Task to complete
Look through the listing below for the line containing "Green leaves on". Copy it and each line after it up to and including the line containing "Soma<sup class=st-superscript>®</sup> laydown", exactly, leaving out pictures.

Records supplied
☆ ☆ ☆ ☆
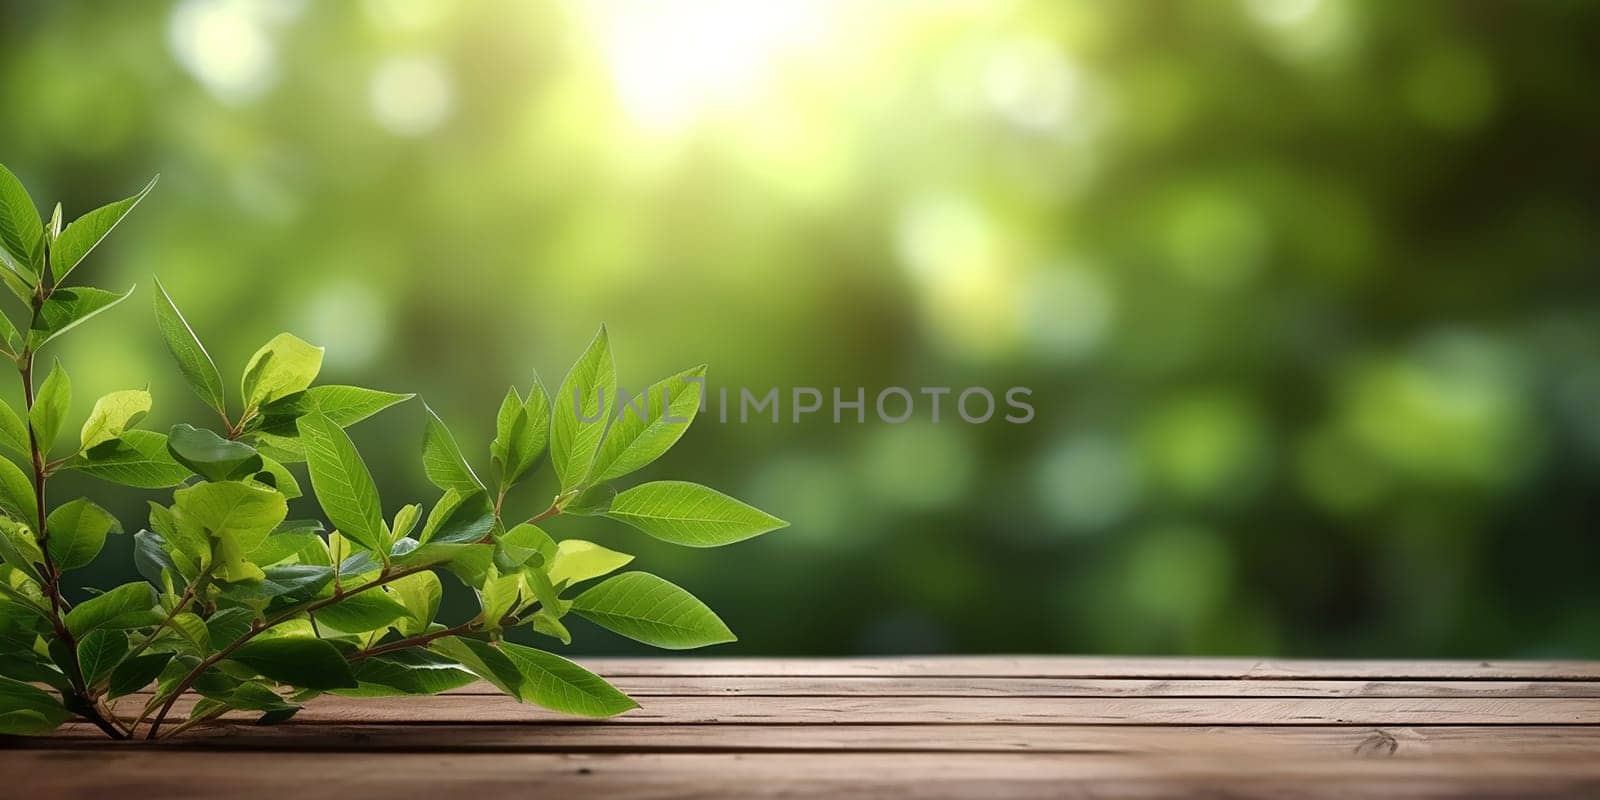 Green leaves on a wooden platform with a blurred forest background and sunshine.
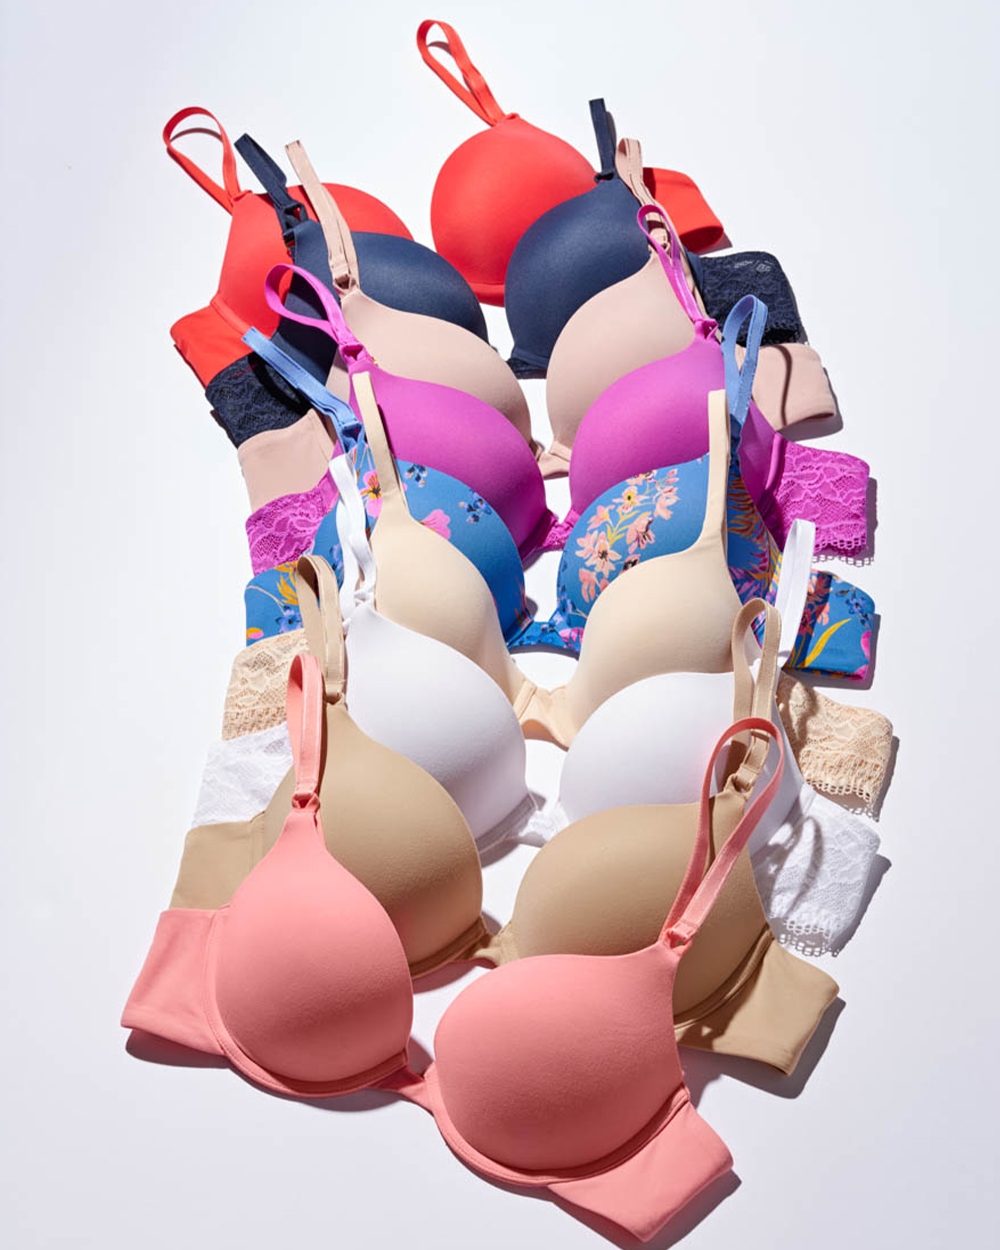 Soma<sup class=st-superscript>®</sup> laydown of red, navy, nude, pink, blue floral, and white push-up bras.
☆ ☆ ☆ ☆
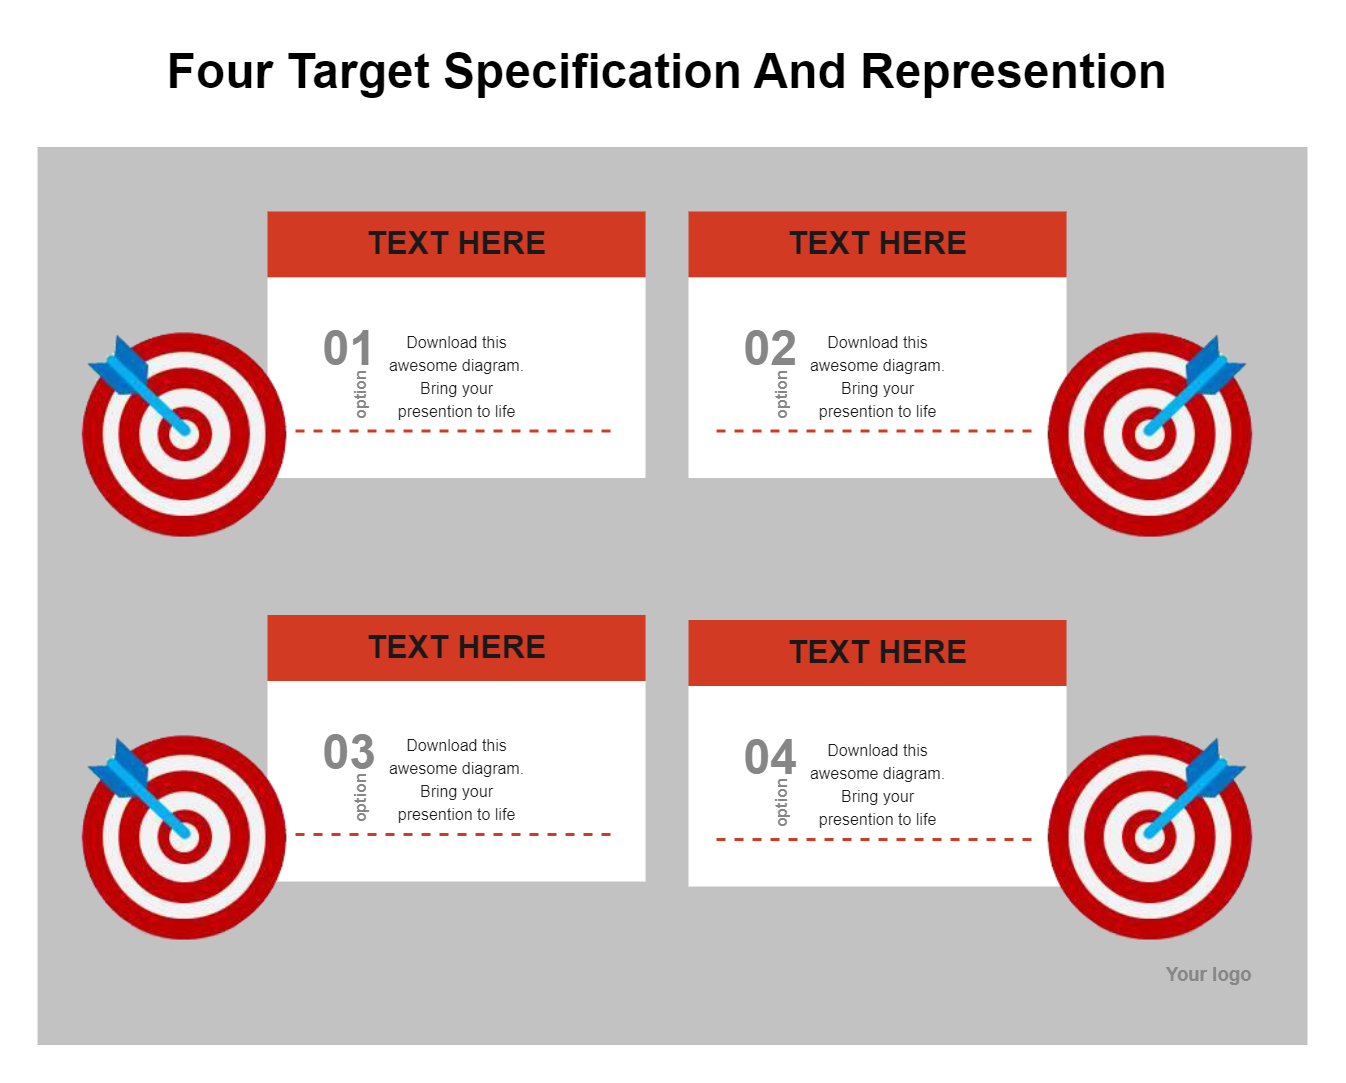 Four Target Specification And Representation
☆ ☆ ☆ ☆
Exercise solution
 Green leaves on a wooden platform with a blurred forest background and sunshine.
 Soma<sup class=st-superscript>®</sup> laydown of red, navy, nude, pink, blue floral, and white push-up bras.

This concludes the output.